### About this exercise:
A verbatim restatement of the data, free of pictures, is what you should output.

━━ Dataset extract ━━

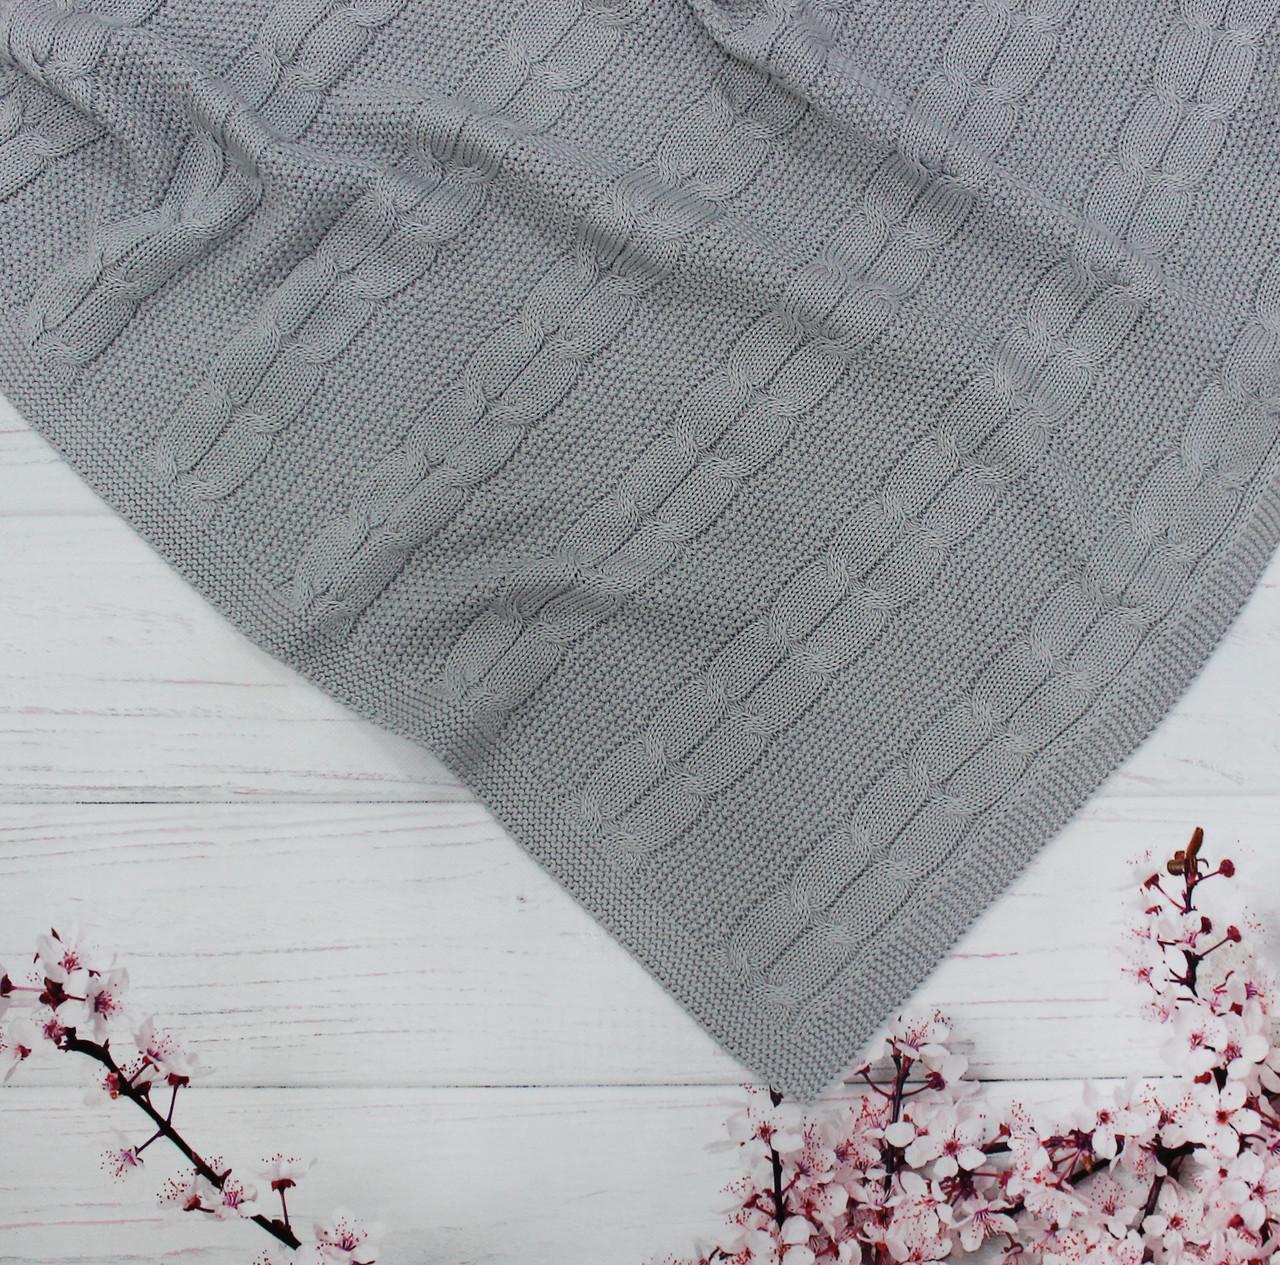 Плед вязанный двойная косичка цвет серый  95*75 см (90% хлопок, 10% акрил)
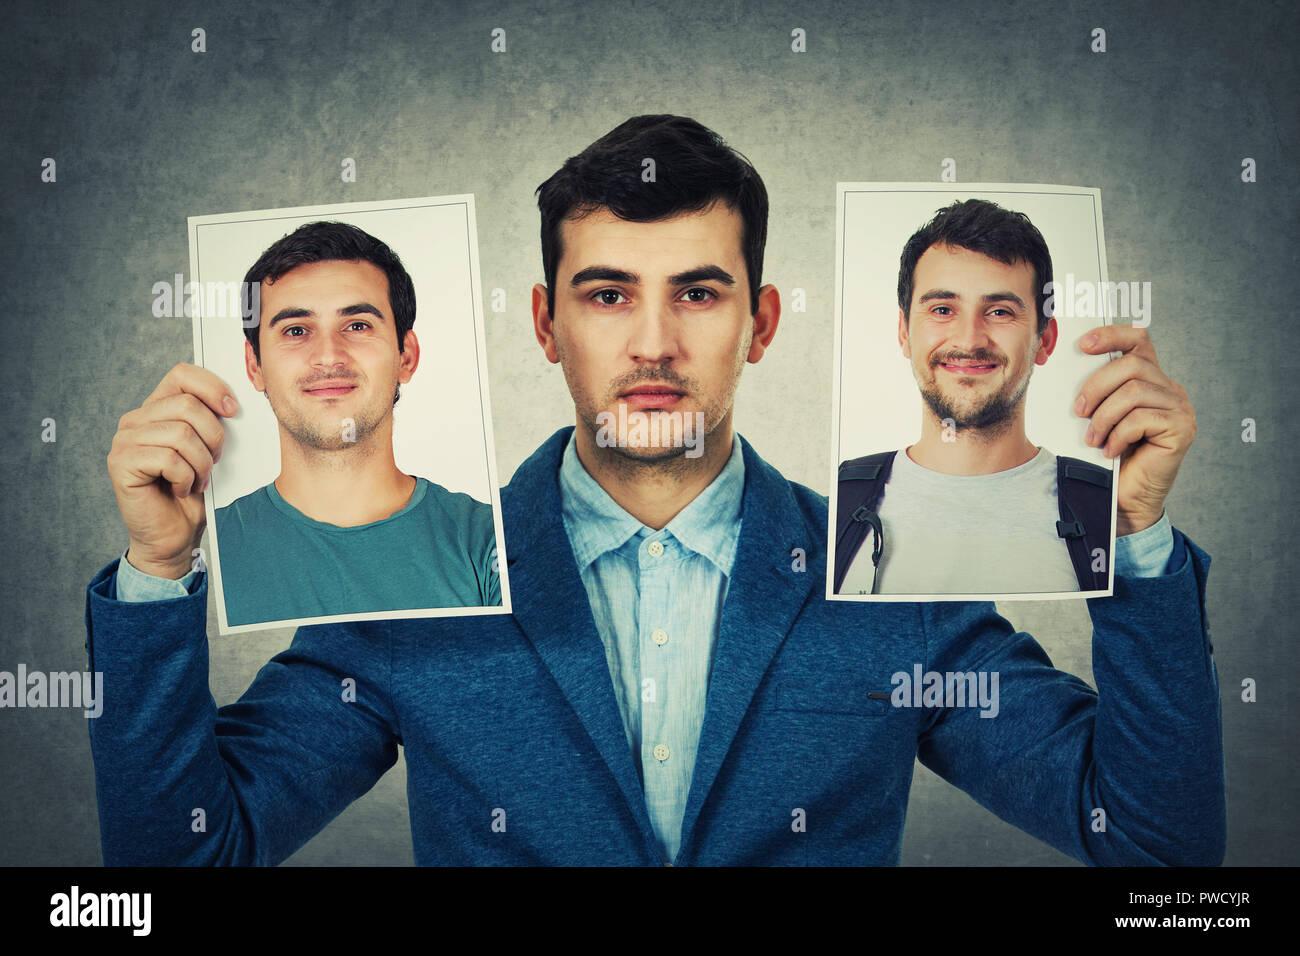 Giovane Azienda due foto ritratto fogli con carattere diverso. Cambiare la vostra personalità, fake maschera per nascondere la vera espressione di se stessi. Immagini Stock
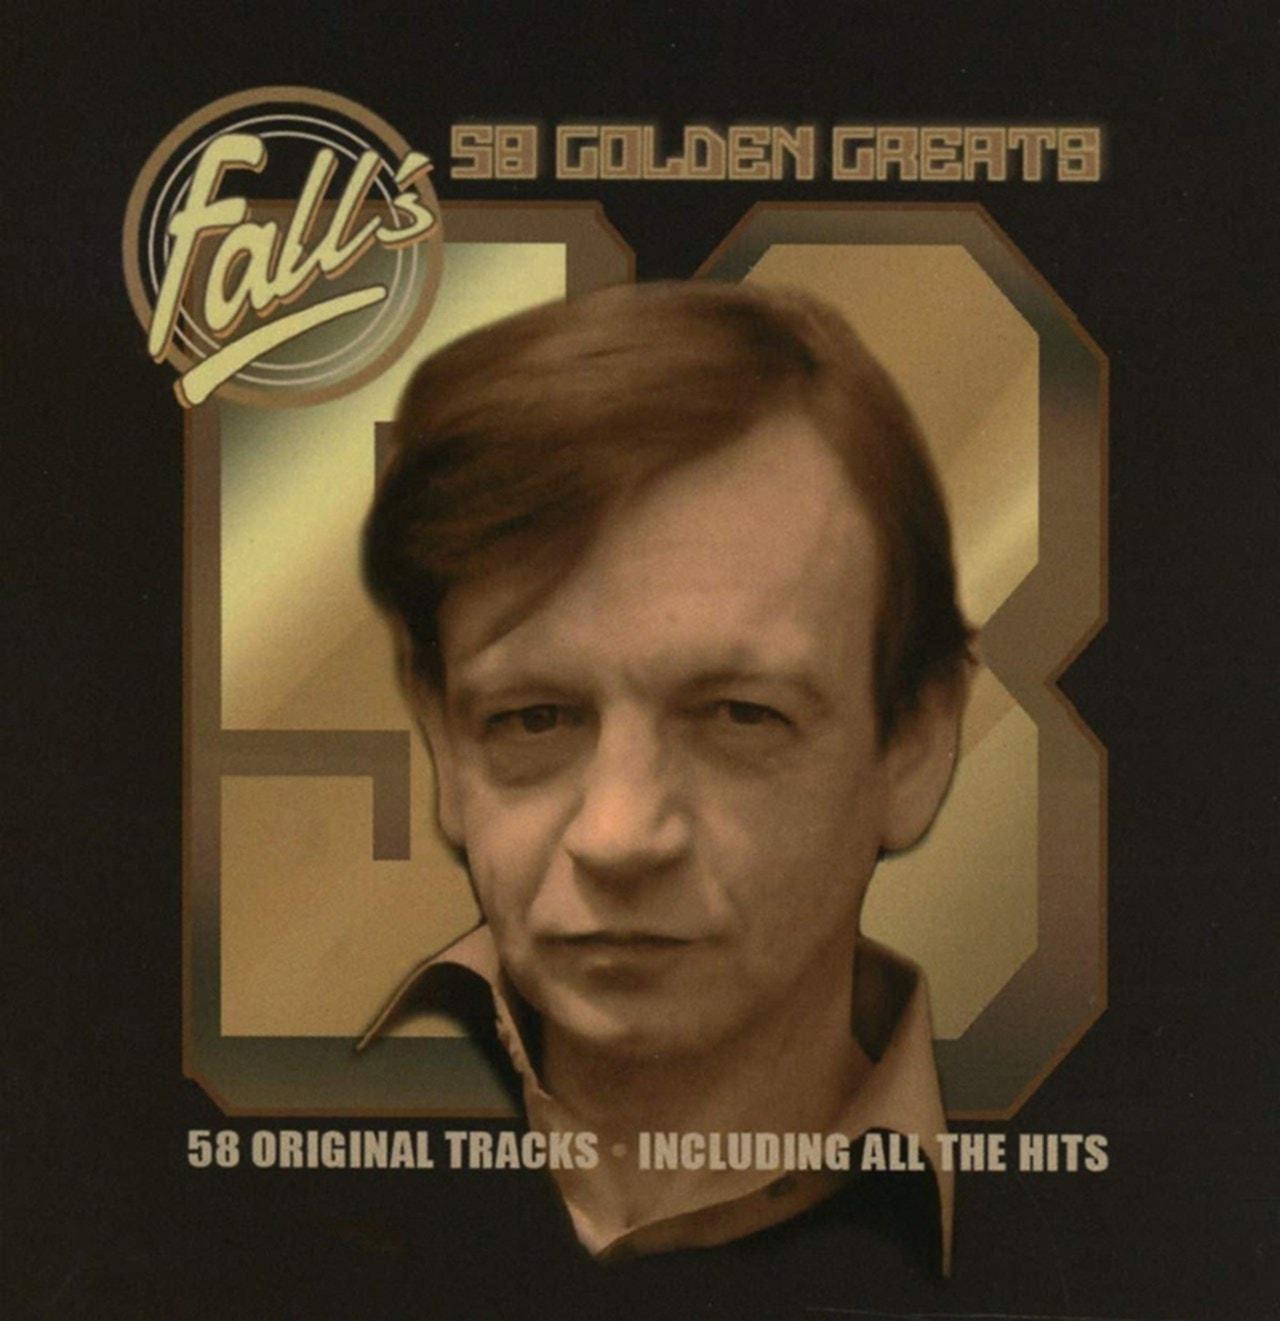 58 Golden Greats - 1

━━━

### Solution to this exercise:
 Плед вязанный двойная косичка цвет серый  95*75 см (90% хлопок, 10% акрил)
 Giovane Azienda due foto ritratto fogli con carattere diverso. Cambiare la vostra personalità, fake maschera per nascondere la vera espressione di se stessi. Immagini Stock
 58 Golden Greats - 1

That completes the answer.